Luckily the South African avocado season is now in full swing and will run up until November. Look out for green-skinned varieties of Fuerte, Edranol, Ryan, Reed and Pinkerton, which remain green when ripe – the stalks come away easily to indicate ripeness, so please don’t squeeze – and the dark-skinned Hass, Maluma Hass and Lamb Hass, which turn an amazing purple-black to show they are table and toast ready.

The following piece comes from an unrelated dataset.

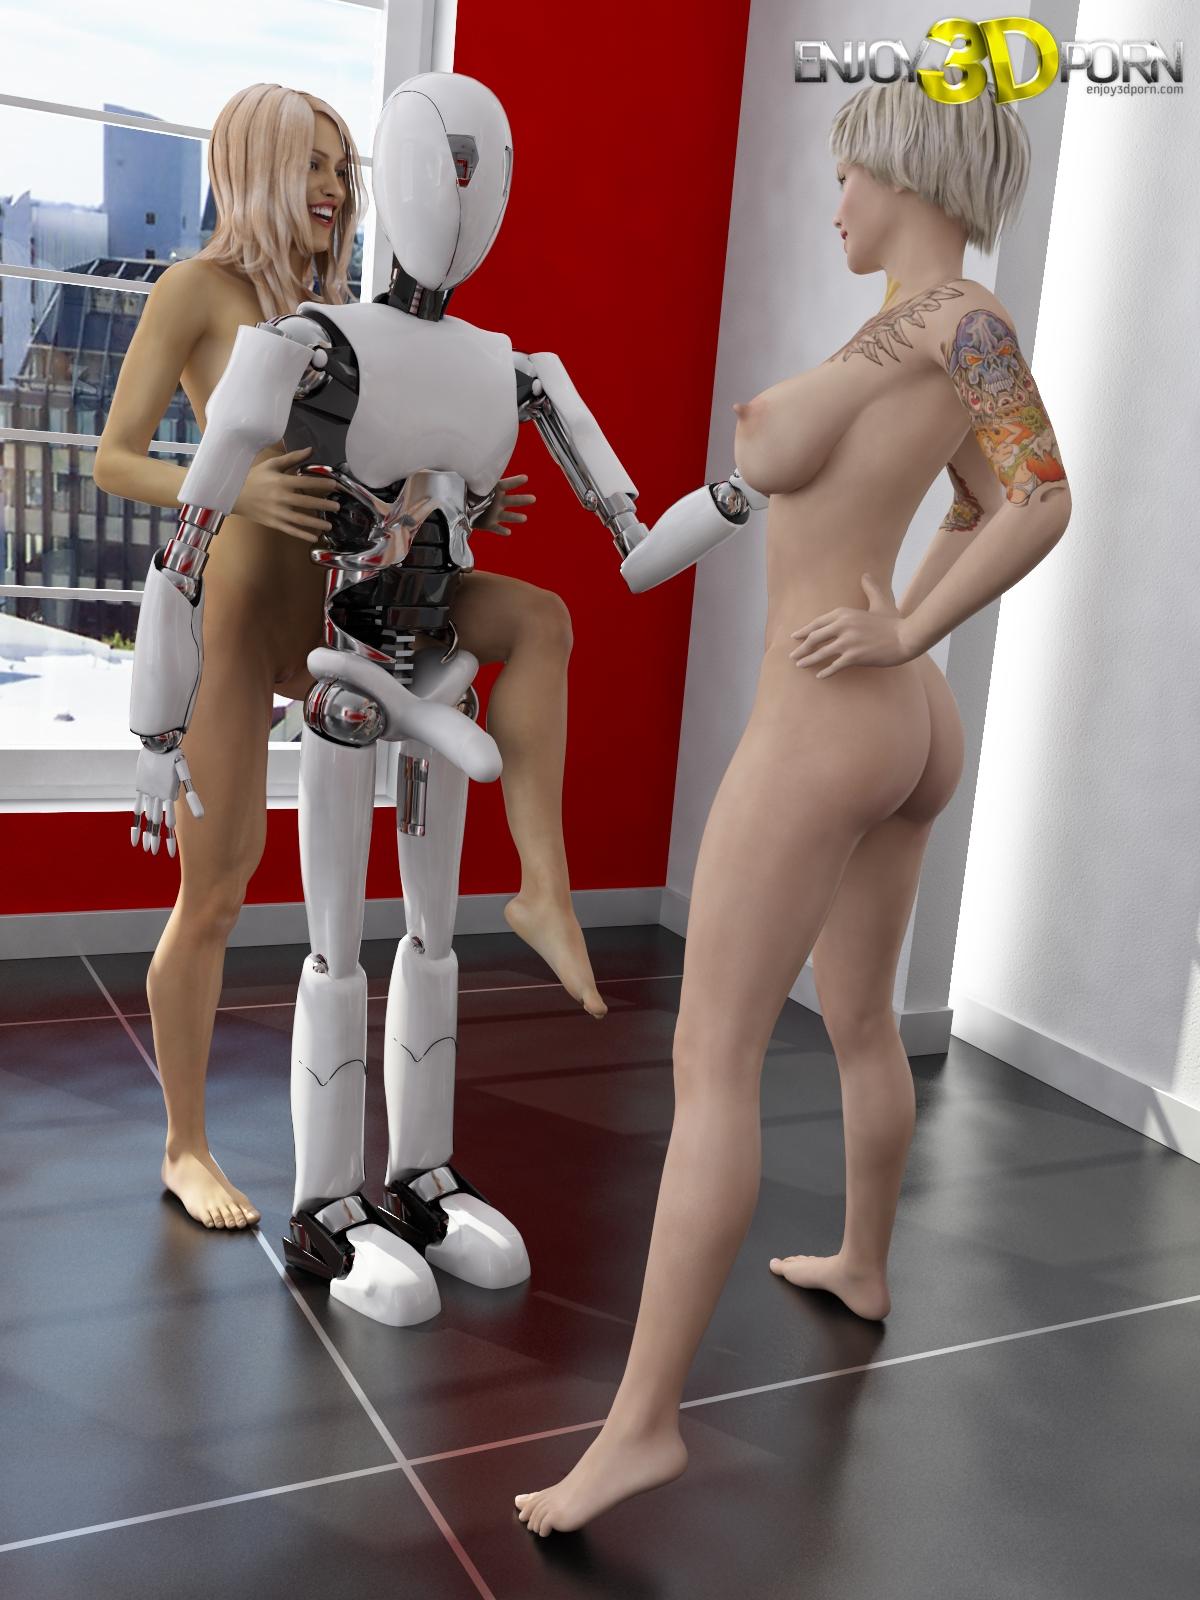 Extreme scifi porn nude photo

If you’re yet to experience the versatility of avocados, try the Guacamole Tagliatelle or Honey Roast Autumn Veg with Avocado Dressing below. You’ll be hooked!
- Guacamole Tagliatelle
- Honey Roast Autumn Veg with Avocado Dressing
Honey Roast Autumn Veg with Avocado Dressing Recipe
Preparation time: 20 minutes
Cooking time: 30 minutes
- Avocado or olive oil to drizzle
- 1,5 kg autumn vegetables: such as carrots, butternut, sweet potato, baby turnips
- 2-3 stalks thyme, picked
- 15-30 ml (2 – 3 tbsp.) honey
- Juice and zest of 1 orange
- Salt and pepper, to taste
For the Avocado Salsa Verde dressing:
- 2 ripe avocados, peeled and stoned
- 2 cloves garlic, finely chopped
- 15 g (½ punnet) flat leaf parsley plus a little extra for garnish
- 15 g (½ punnet) mint or basil, or a mix of both
- 30 ml (2 tbsp.) capers, drained and patted dry
- 2 anchovy fillets (optional)
- 30 ml (2 tbsp.) red wine vinegar
- 125 ml (½ cup) avocado or olive oil
- 30 ml (2 tbsp.) wholegrain mustard
- Preheat oven to 200˚C and add a drizzle of the oil to a large baking tray. Place the vegetables on the baking tray and toss with the thyme, honey, orange juice and zest, and season well.
- Roast until tender and slightly charred, about 25 – 30 minutes.
- To make the Avocado Salsa Verde: combine one avocado with the remaining ingredients in a food processor and blend. Slice the other avocado to serve.
- Serve the roast vegetables on a platter arranged with slices of avocado and drizzle with the Avocado Salsa Verde dressing and extra flat leaf parsley.